I have been making my way through a lot of long book series over the last few years, and once you fall into the right one, the books disappear faster than you expect. Joe Ledger is the one I am deep into right now, and that reminded me how many great multi-book runs I have already finished.
This list covers 11 major sci-fi and thriller series, totaling about 60 books, which works out to roughly 600–800 hours of reading or listening depending on your audiobook speed. They range from military thrillers to alien epics to virtual worlds, and a few changed how I think about technology, AI, or the future.
If you choose just one to start, I still recommend Project Hail Mary by Andy Weir, the same author behind The Martian (Matt Damon). Soon to be a blockbuster movie with Ryan Gossling (trailer video).

Here are the series that made the strongest impression on me.
Joe Ledger Series — Jonathan Maberry
Books: 12 main novels (2009–2022)
Narrator: Ray Porter
Key title: Patient Zero (2009)
Other noteworthy works: Rot & Ruin (YA zombie series)
Joe Ledger is a Baltimore cop pulled into a secret government task force that handles threats so extreme they barely sound possible. Designer plagues. Genetic weapons. Transhuman experiments. Rogue scientists building the kinds of organisms we hope never escape the lab. Every book focuses on a different biotechnological threat, and Ledger balances intensity, dry humor, and humanity in a way that makes you stick with him through the entire run. This series mixes sci-fi with military thriller pacing better than almost anything I have read.

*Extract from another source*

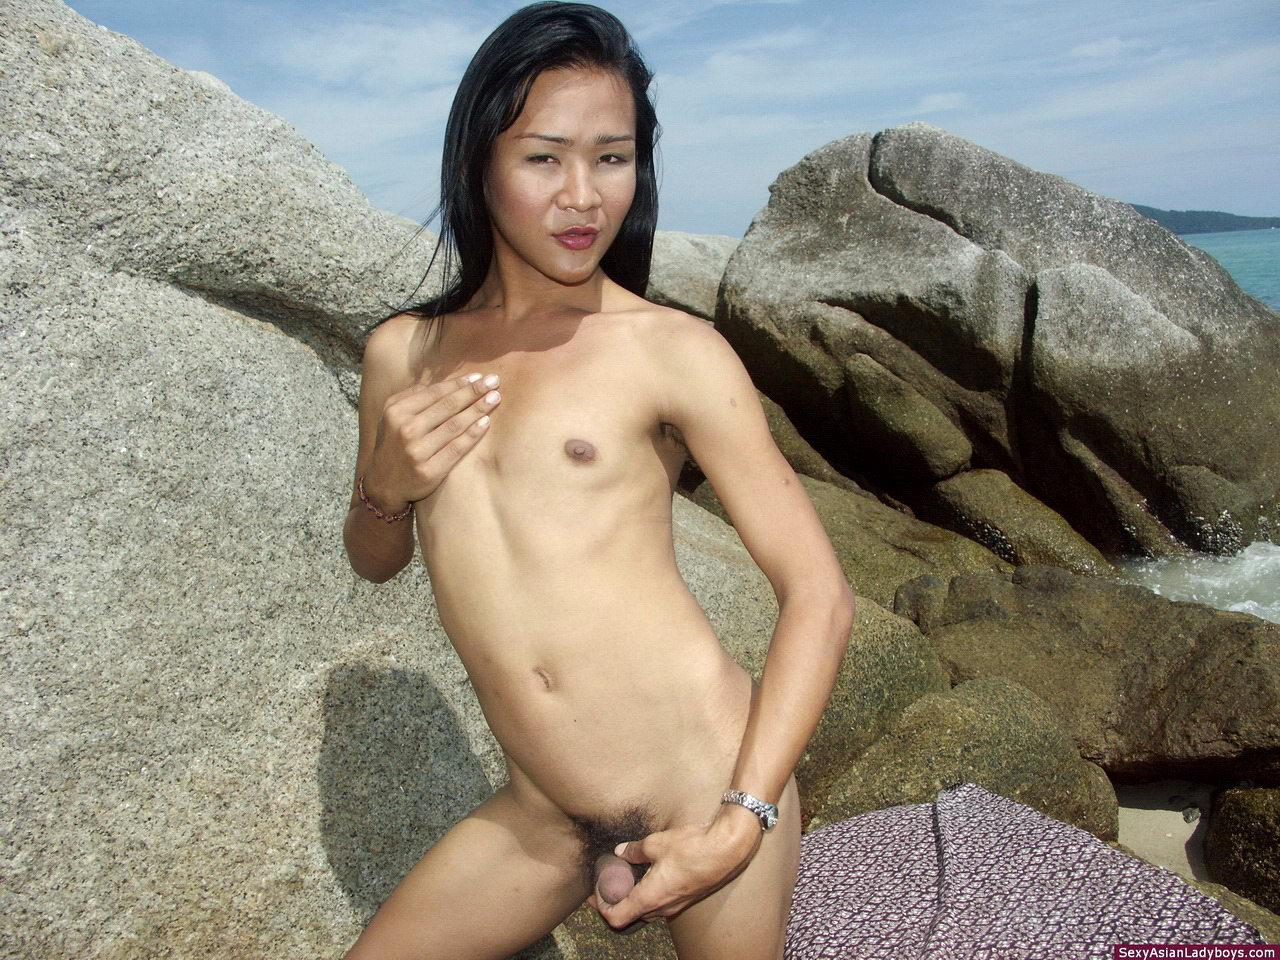 Teen Asian Femboy Wanks And Shoots Hot Cum Like A Fountain
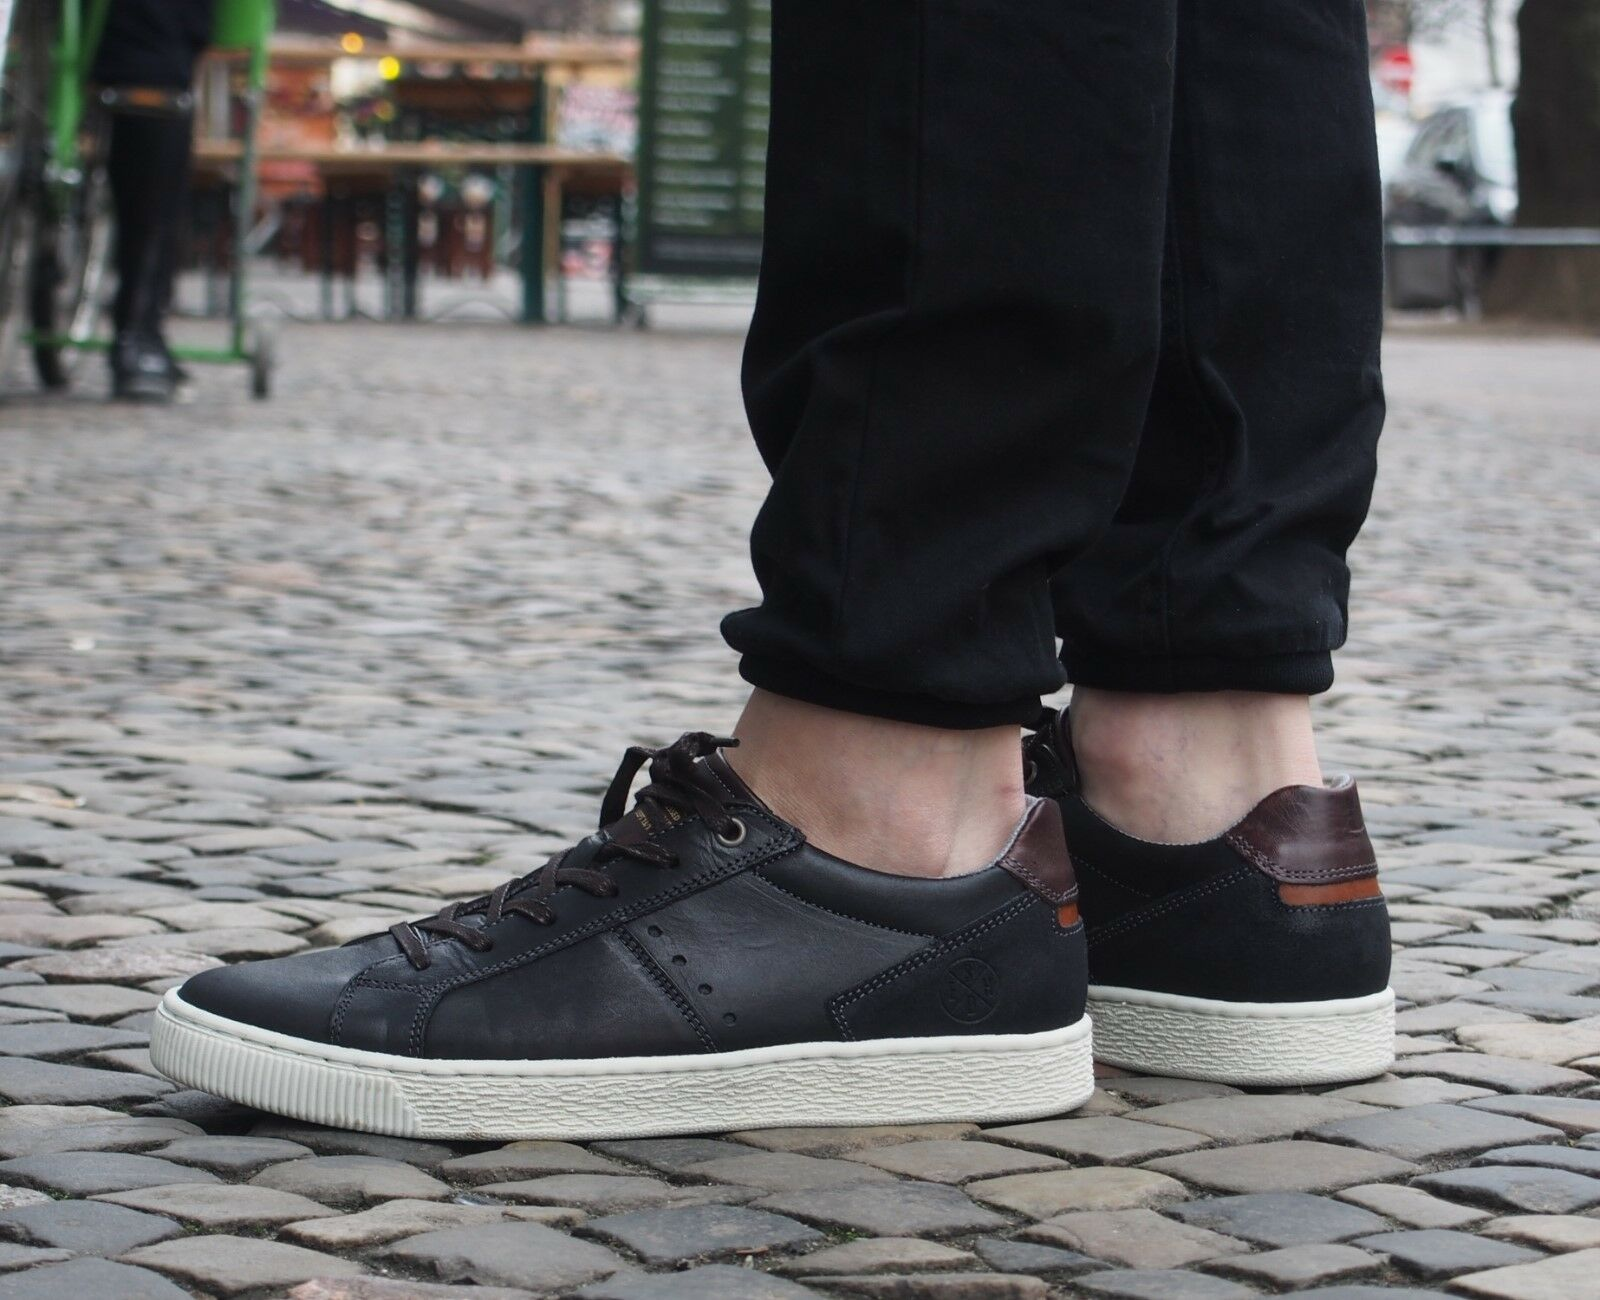 BULLBOXER Schuh Schnürschuh 33 schwarz black Echtleder Halbschuh Herrenschuh neu

The Gray Man Series — Mark Greaney
Books: 13+ (2009–present)
Narrator: Jay Snyder
Key title: The Gray Man (2009)
Other noteworthy works: Tom Clancy’s Jack Ryan novels (co-author)
Court Gentry is a former CIA assassin trying to stay alive in a world where everyone is hunting him. The series is sharp, tactical, and consistently grounded in believable tradecraft and geopolitics. The Netflix movie was fun, but the books show a far more complex version of Court. If you enjoy The Bourne Identity or The Terminal List, Greaney belongs right beside them. It is not sci-fi, but it gives you the same adrenaline rush that keeps pulling you into the next book.
The Three-Body Problem Trilogy — Liu Cixin
Books: The Three-Body Problem (2008), The Dark Forest (2008), Death’s End (2010)
Narrators: Luke Daniels and others
Key title: The Three-Body Problem
Other noteworthy works: Ball Lightning, The Wandering Earth
This trilogy is mind-bending in the best possible way. It starts as a slow mystery about strange signals and broken physics, then expands into one of the most ambitious visions of humanity’s future ever written. The Dark Forest delivers the most convincing argument for fearing alien contact that I have ever encountered. The Netflix series is excellent, and it was the first time in years that a show captured the same “Black Mirror” energy in a science fiction setting. If you want sci-fi that changes how you think about civilization, time, and survival, this is it.
Ready Player One Series — Ernest Cline
Books: Ready Player One (2011), Ready Player Two (2020)
Narrator: Wil Wheaton
Key title: Ready Player One
Other noteworthy works: Armada (similar VR and gaming themes)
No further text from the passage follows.